In the ongoing series Children’s Games, initiated in 1999, Francis Alÿs portrays children engaging in play worldwide. This collection spans almost forty videos and provides an intimate yet political perspective on the universal connections drawn through games. The videos capture the ingenious ways children use everyday objects — like chairs, coins, and stones — as the basis for their imagination. Through the lens of creativity and an unspoken bond of camaraderie, these prosaic items are given new, symbolic significance.
In this video, Children’s Game #31: Slakken, a group of children gather for a snail racing game.
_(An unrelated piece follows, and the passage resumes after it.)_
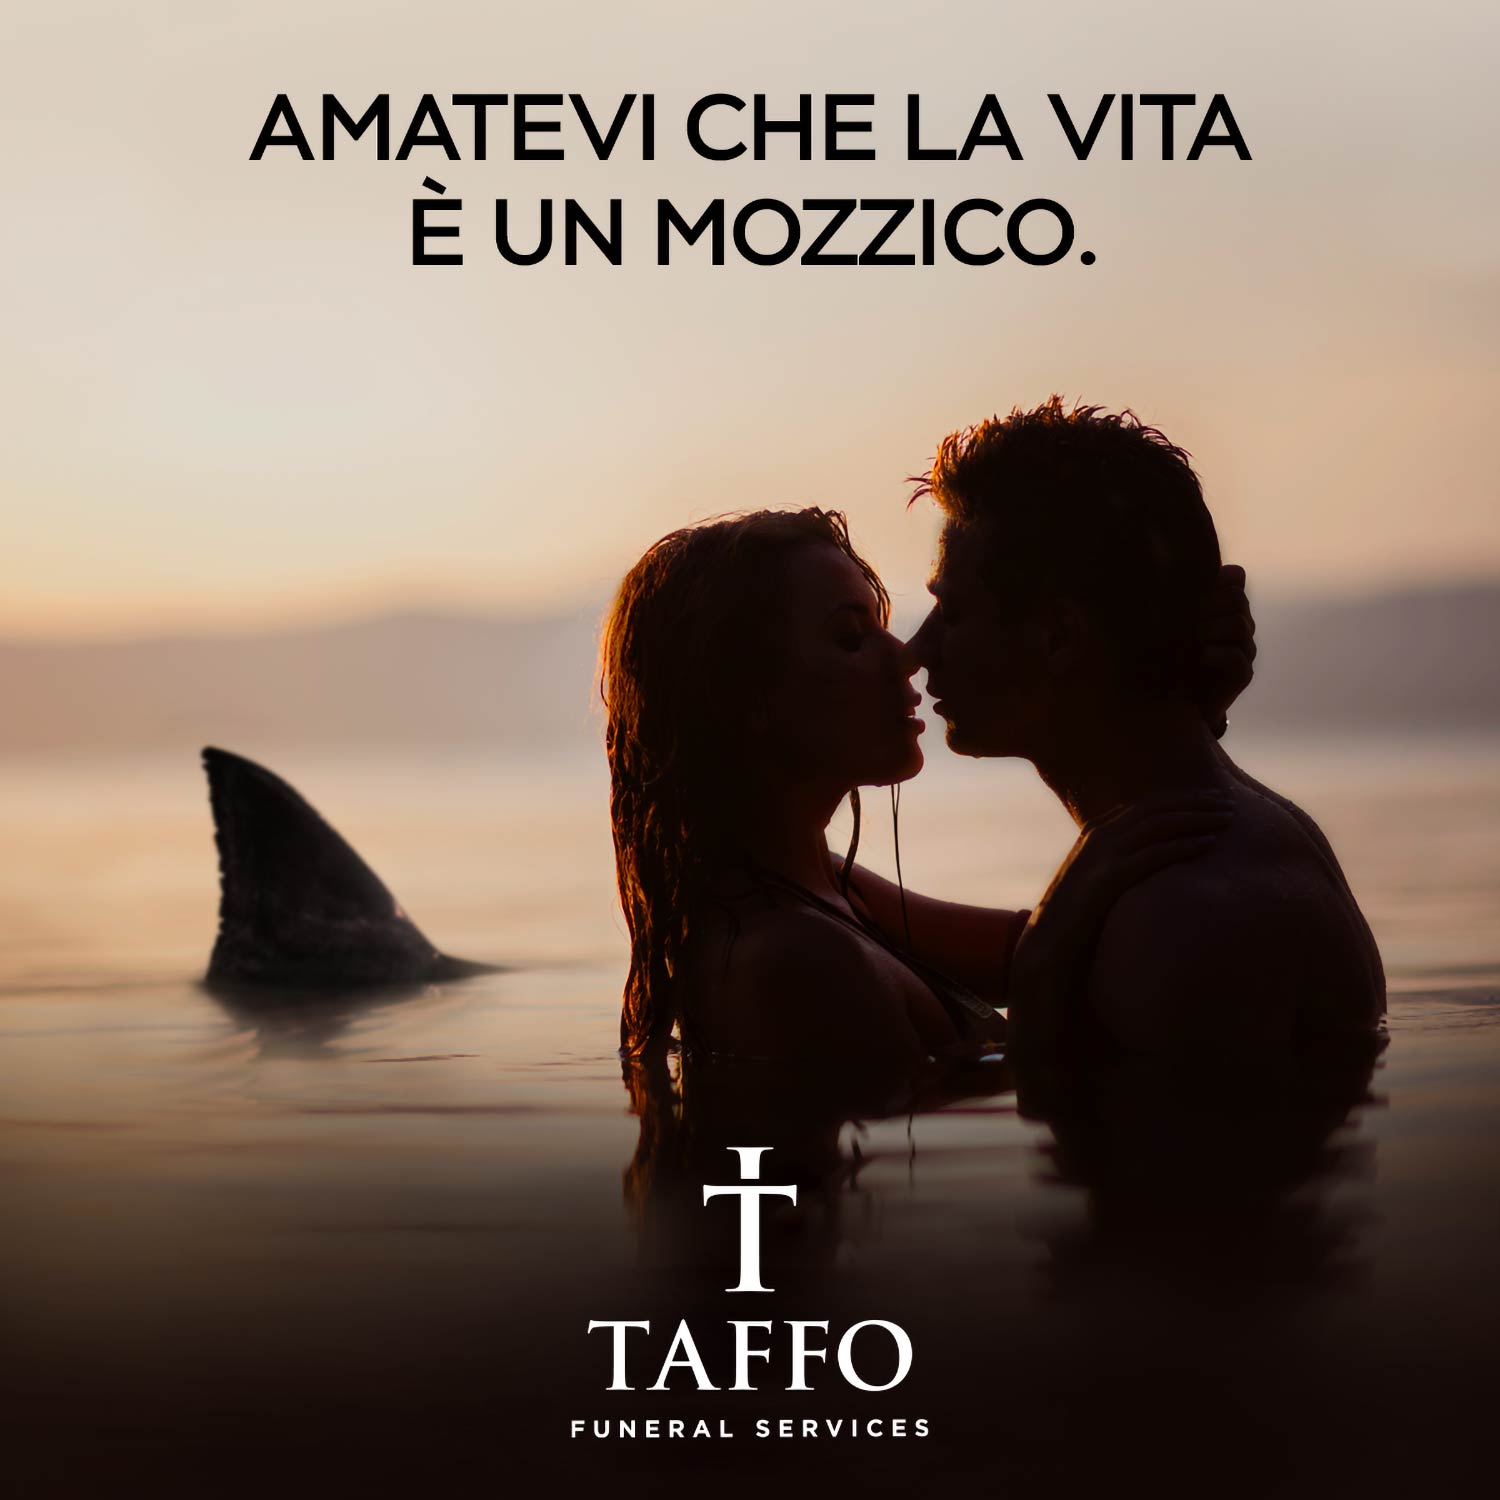 Un’immagine della campagna pubblicitaria di Taffo per San Valentino 2020 © kirweb/Simone Putignano/Riccardo Pirrone

“The work suggests a nod to German Romantic philosopher Friedrich Schiller and his idea of the redeeming quality of play, which, for him, meant enjoying the liberty of acting without necessity and duty: “for man [...] plays only where he is man in the full meaning of the word, and he is fully man only where he plays.”
Andreas Schlaegel
“Whereas adults are more likely to use speech to process experiences - whereas adults speak -, children play to assimilate the realities they encounter. Their games mimic, mock or defy the rules of the adult society that surrounds them. The act of playing can also help them to cope with traumatic experiences such as those of war by creating a simulacrum of the real and turning the dramatic circumstances around them into a more fictional, ludic world. But the magical thing about a child’s game is that it holds no secrets, “it’s all there is”. We as adults should be faithful to the children we were; remember and trust that moment, the most precious one of our existence.”